A fuzzer would have found it in about thirty seconds.

What Fuzzing Actually Is

Fuzzing is automated testing with randomly generated inputs. But modern fuzzers aren’t just throwing random bytes at your code — they’re using coverage-guided feedback to evolve inputs that explore new code paths. When a mutated input triggers a new branch, the fuzzer remembers it and builds on it. Over time, fuzzers explore deep, complex code paths that humans would never think to test.

For security, fuzzing is absurdly effective.

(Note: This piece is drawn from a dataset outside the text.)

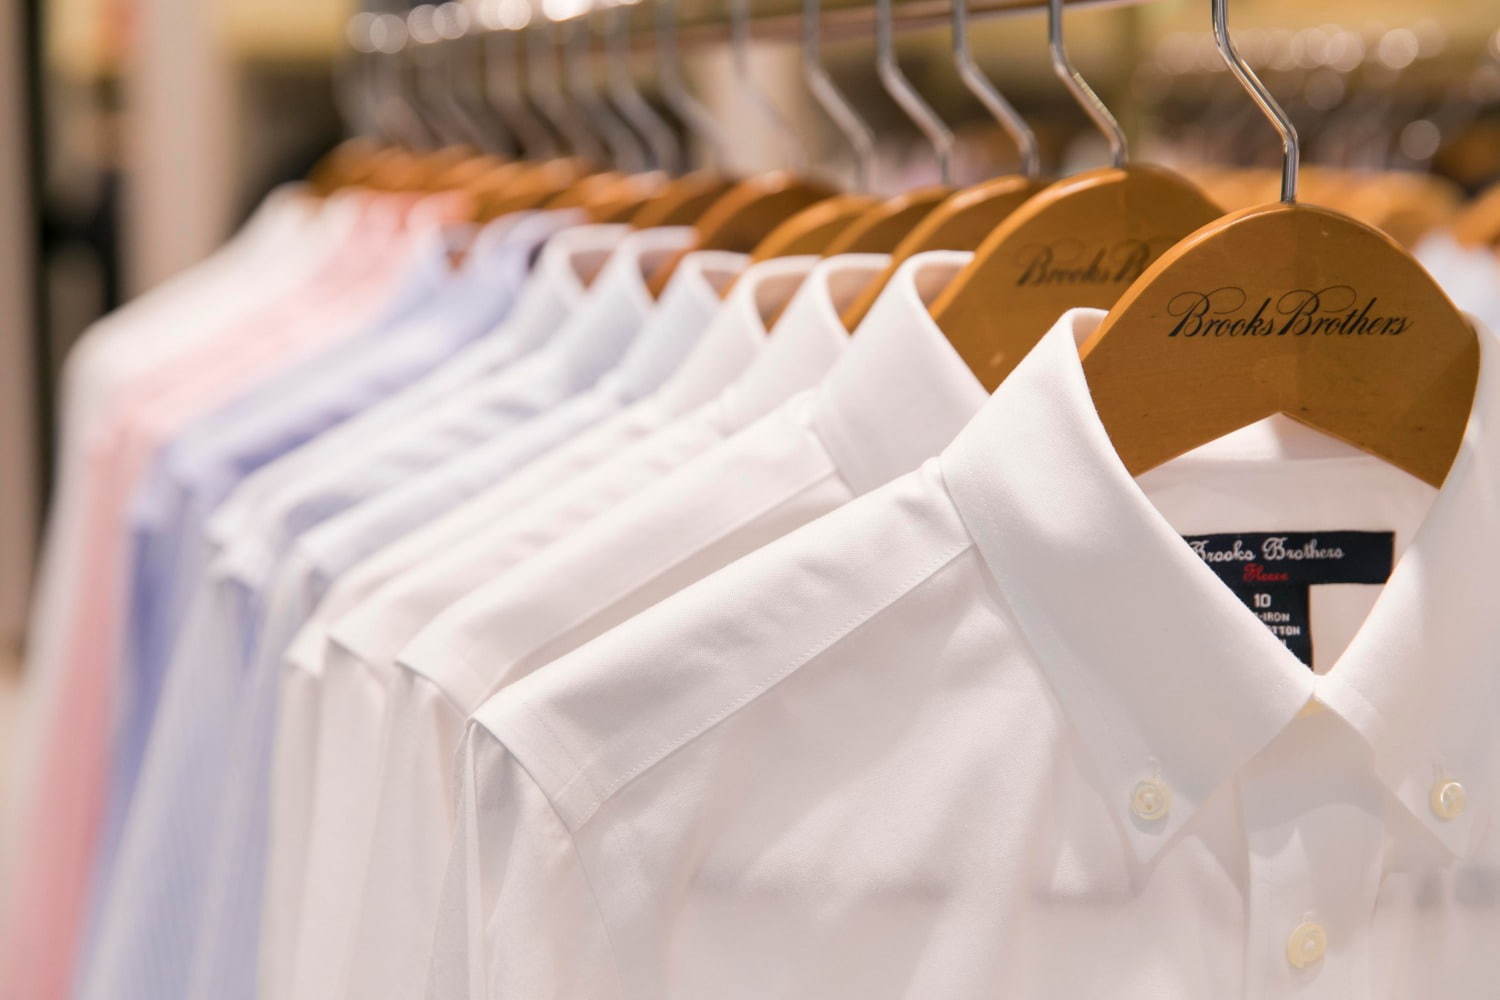 ブルックス ブラザーズの新店舗が表参道にオープン シャツカスタマイズの限定スペース設置 ファッションプレス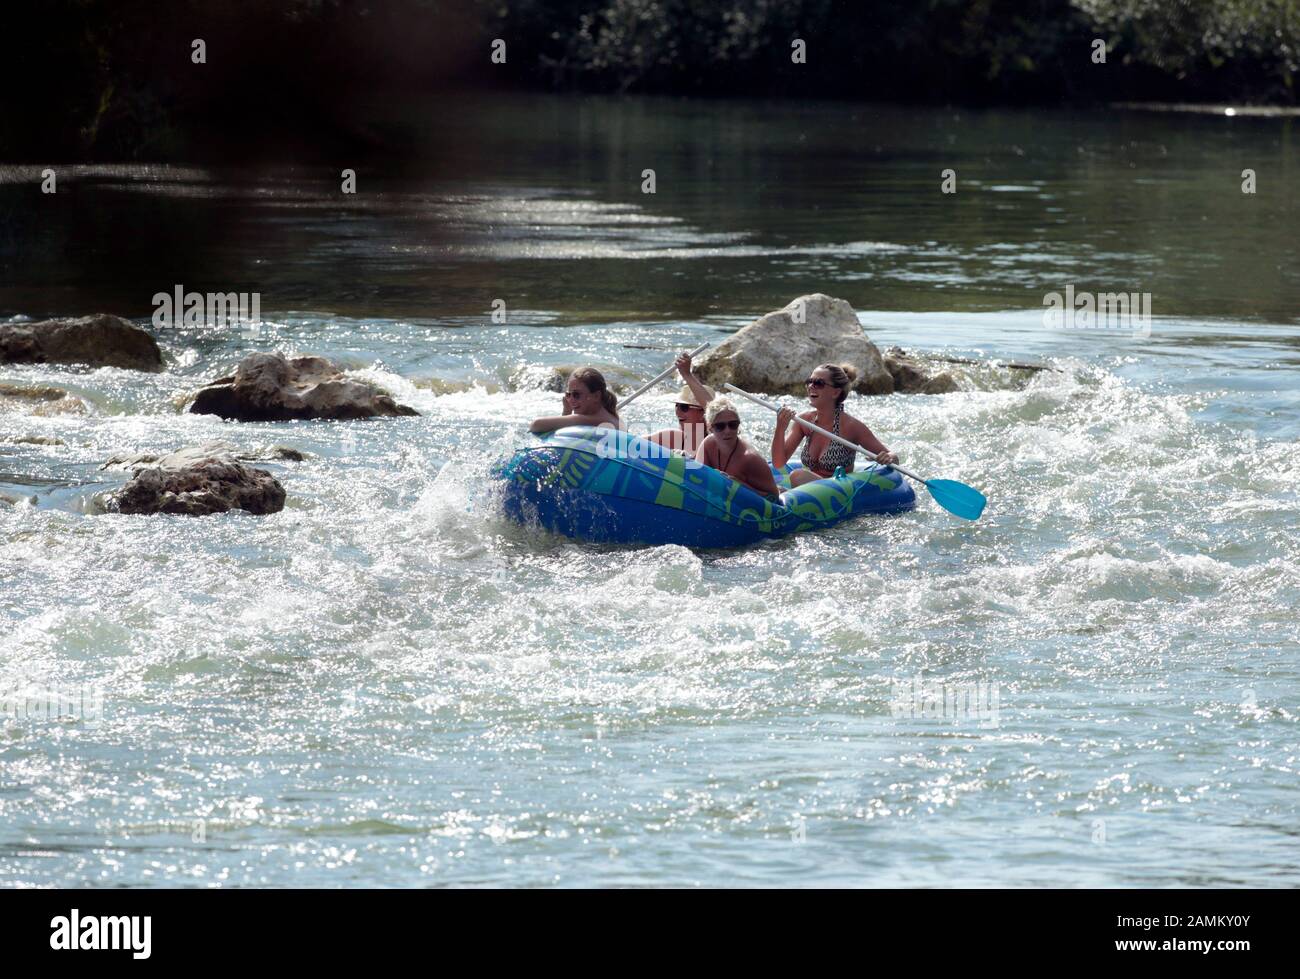 Ein Gummi-Schlauchboot überquert die neue Bodenschwelle im Amper River  neben der Wasserrettungsstation bei Grafrath. [Automatisierte Übersetzung]  Stockfotografie - Alamy

It finds:

  • Panics from unwrap/expect on unexpected input
  • Integer overflows and underflows
  • Infinite loops from malicious input (DoS)
  • Logic bugs in parsers
  • Memory issues in unsafe code (with sanitizers)
  • Malformed data that passes validation but breaks downstream

cargo-fuzz — The Standard Tool

cargo-fuzz is the official Rust fuzzing tool. It wraps LLVM’s libFuzzer and integrates with Cargo.

Setup

# Install cargo-fuzz
cargo install cargo-fuzz

# Initialize fuzzing in your project
cargo fuzz init

# This creates:
# fuzz/
#   Cargo.toml
#   fuzz_targets/
#     fuzz_target_1.rs

Your First Fuzz Target

Let’s say you have a parser:

// src/lib.rs

/// Parse a simple key-value protocol:
/// FORMAT: <key_len:u16><key><value_len:u32><value>
pub fn parse_kv(data: &[u8]) -> Result<(String, Vec<u8>), ParseError> {
    if data.len() < 2 {
        return Err(ParseError::TooShort);
    }

    let key_len = u16::from_be_bytes([data[0], data[1]]) as usize;
    if data.len() < 2 + key_len + 4 {
        return Err(ParseError::TooShort);
    }

    let key = std::str::from_utf8(&data[2..2 + key_len])
        .map_err(|_| ParseError::InvalidUtf8)?
        .to_string();

    let value_offset = 2 + key_len;
    let value_len = u32::from_be_bytes([
        data[value_offset],
        data[value_offset + 1],
        data[value_offset + 2],
        data[value_offset + 3],
    ]) as usize;

    let value_start = value_offset + 4;
    if data.len() < value_start + value_len {
        return Err(ParseError::TooShort);
    }

    let value = data[value_start..value_start + value_len].to_vec();
    Ok((key, value))
}

#[derive(Debug)]
pub enum ParseError {
    TooShort,
    InvalidUtf8,
}

Now write a fuzz target:

// fuzz/fuzz_targets/fuzz_parse_kv.rs
#![no_main]

use libfuzzer_sys::fuzz_target;
use myapp::parse_kv;

fuzz_target!(|data: &[u8]| {
    // The fuzzer will call this with millions of different byte slices.
    // We just need to make sure it doesn't panic.
    let _ = parse_kv(data);
});

Running the Fuzzer

# Run the fuzzer
cargo fuzz run fuzz_parse_kv

# Run with a time limit (useful for CI)
cargo fuzz run fuzz_parse_kv -- -max_total_time=300

# Run with a max input length
cargo fuzz run fuzz_parse_kv -- -max_len=1024

# Run with address sanitizer (catches memory bugs in unsafe code)
RUSTFLAGS="-Zsanitizer=address" cargo fuzz run fuzz_parse_kv

# Show coverage information
cargo fuzz coverage fuzz_parse_kv

When the fuzzer finds a crash, it saves the input to fuzz/artifacts/fuzz_parse_kv/. You can reproduce it:

# Reproduce a crash
cargo fuzz run fuzz_parse_kv fuzz/artifacts/fuzz_parse_kv/crash-abc123...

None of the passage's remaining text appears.